▶ _Exercise inputs_:

+-------+

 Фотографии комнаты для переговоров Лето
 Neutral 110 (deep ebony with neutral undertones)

+-------+

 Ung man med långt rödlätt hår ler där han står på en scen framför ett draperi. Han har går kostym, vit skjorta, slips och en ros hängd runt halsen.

+-------+

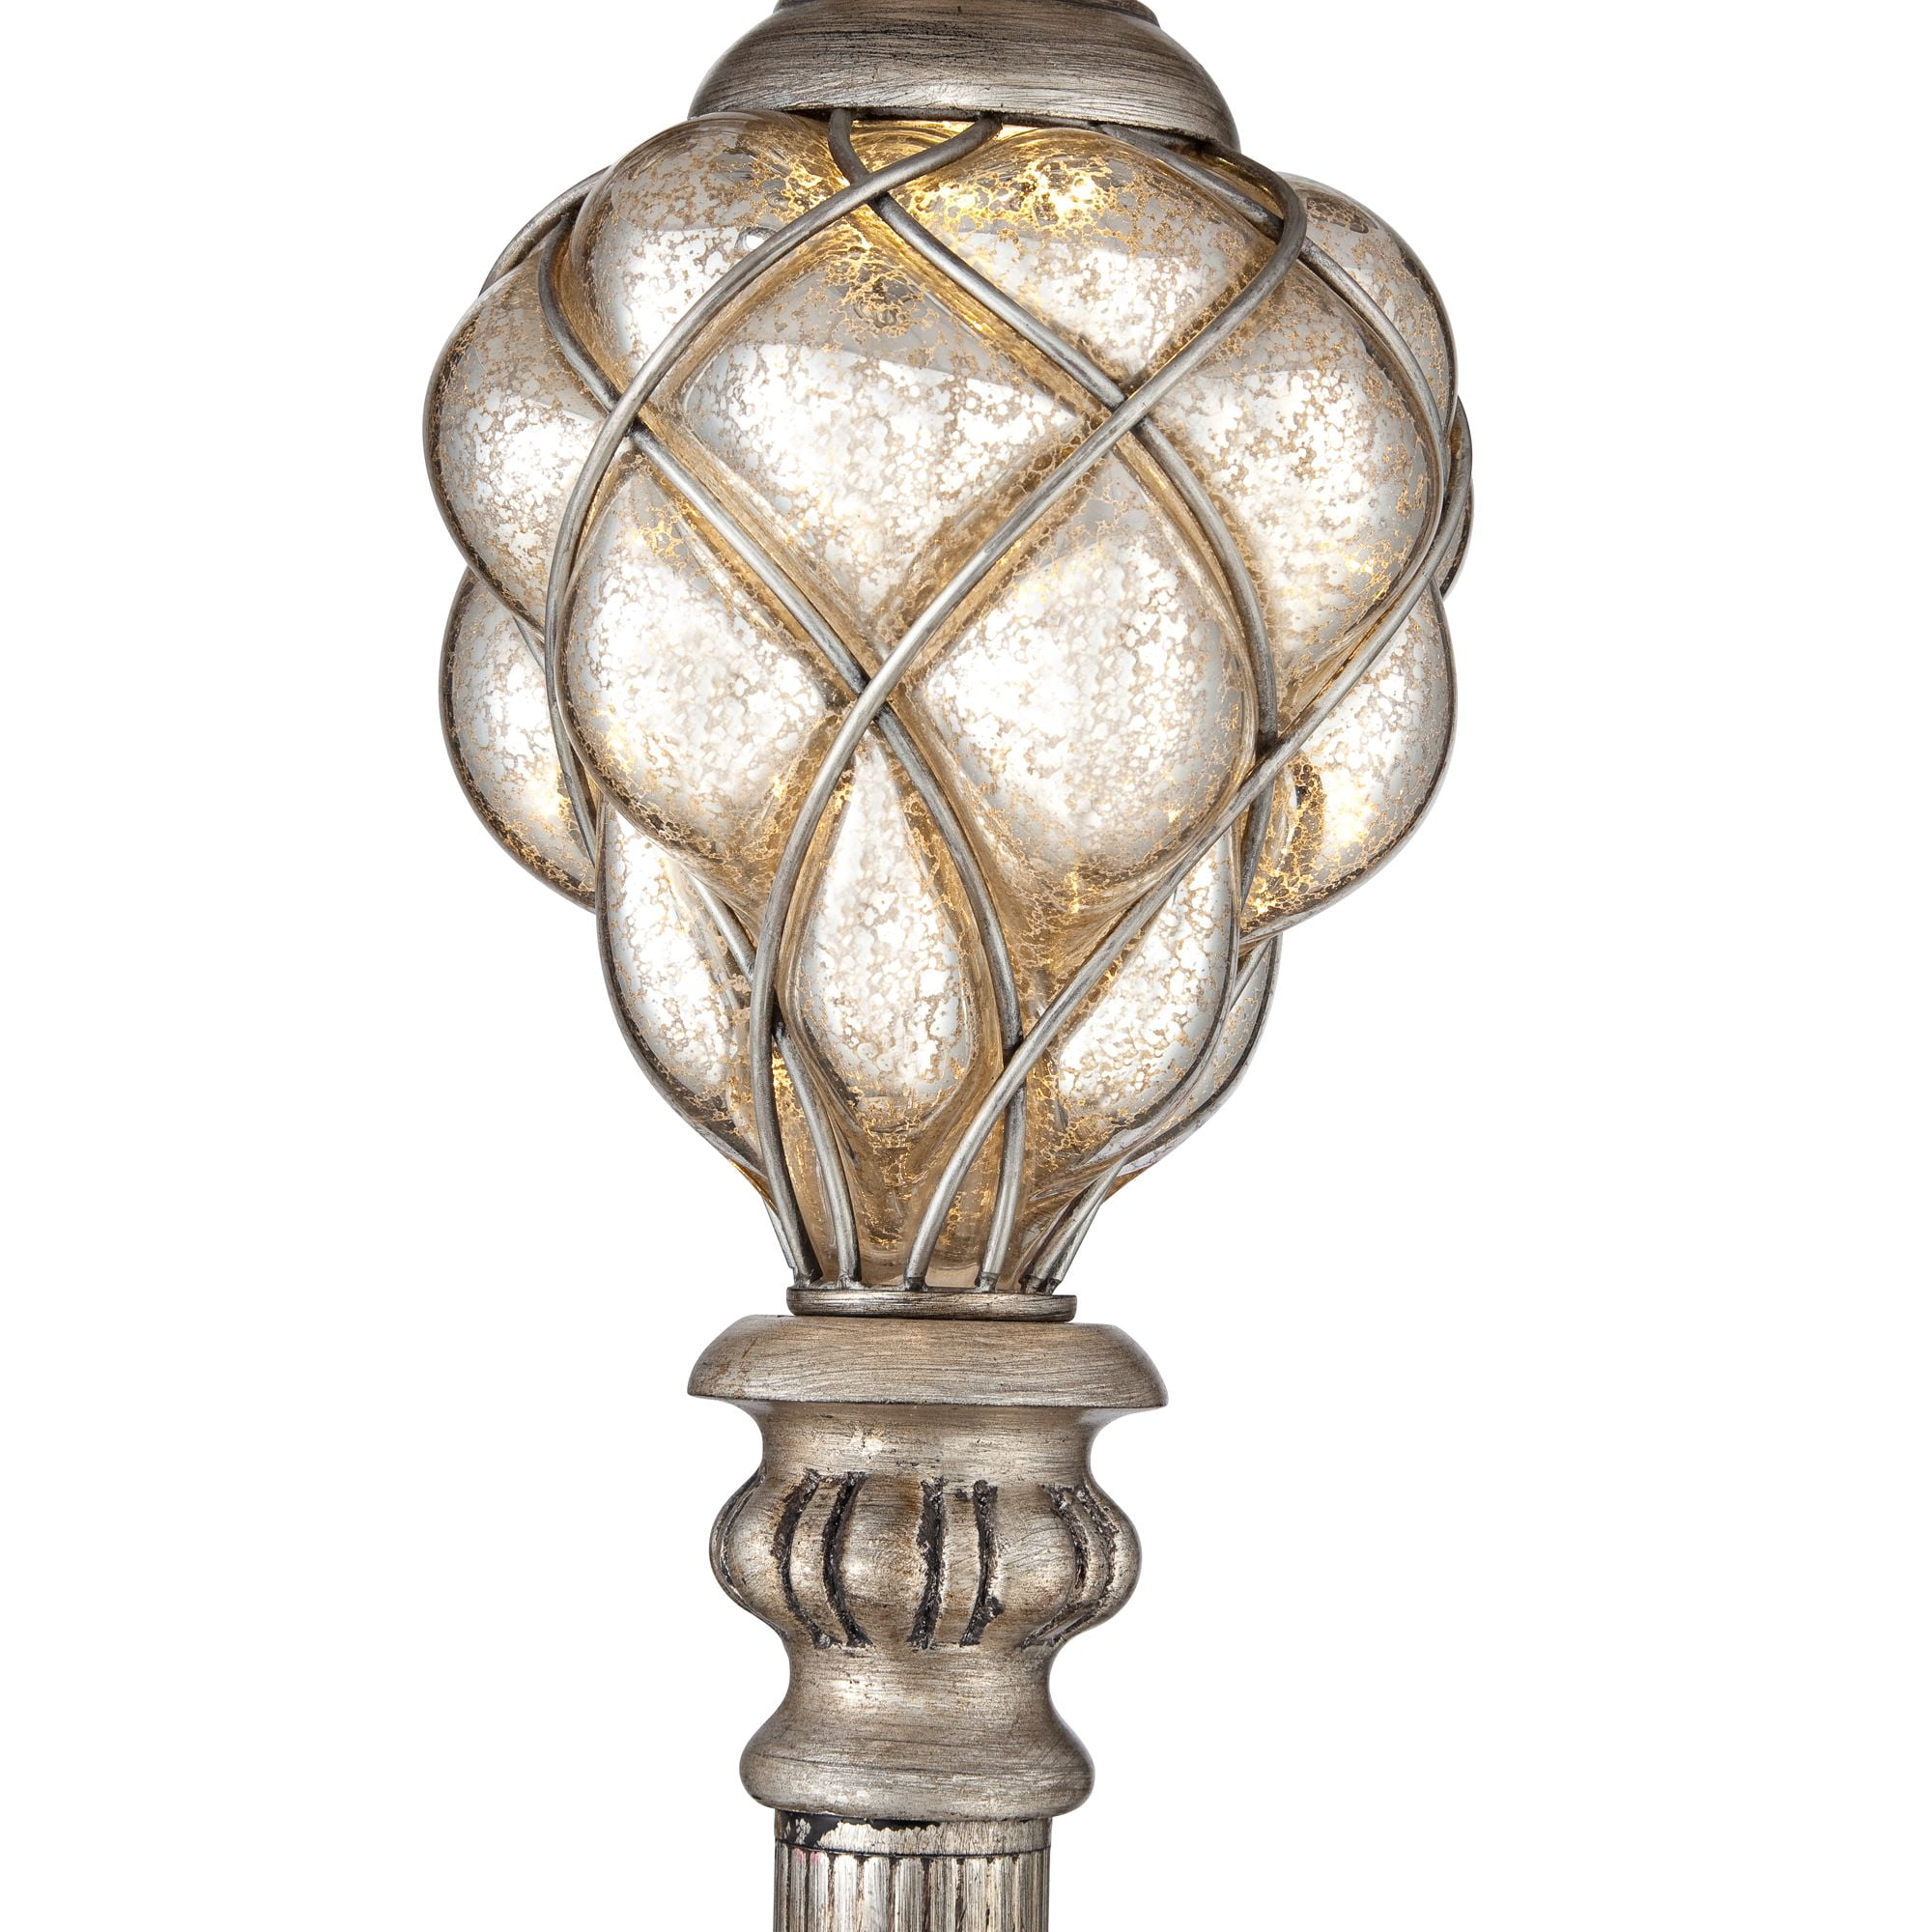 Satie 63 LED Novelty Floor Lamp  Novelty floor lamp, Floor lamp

+-------+

▶ _Task item_: Set down precisely the lines above between the line holding "Фотографии комнаты для переговоров Лето" and the line holding "Neutral 110 (deep", inclusive, and nothing beyond them.

▶ _Answer area_:
 Фотографии комнаты для переговоров Лето
 Neutral 110 (deep ebony with neutral undertones)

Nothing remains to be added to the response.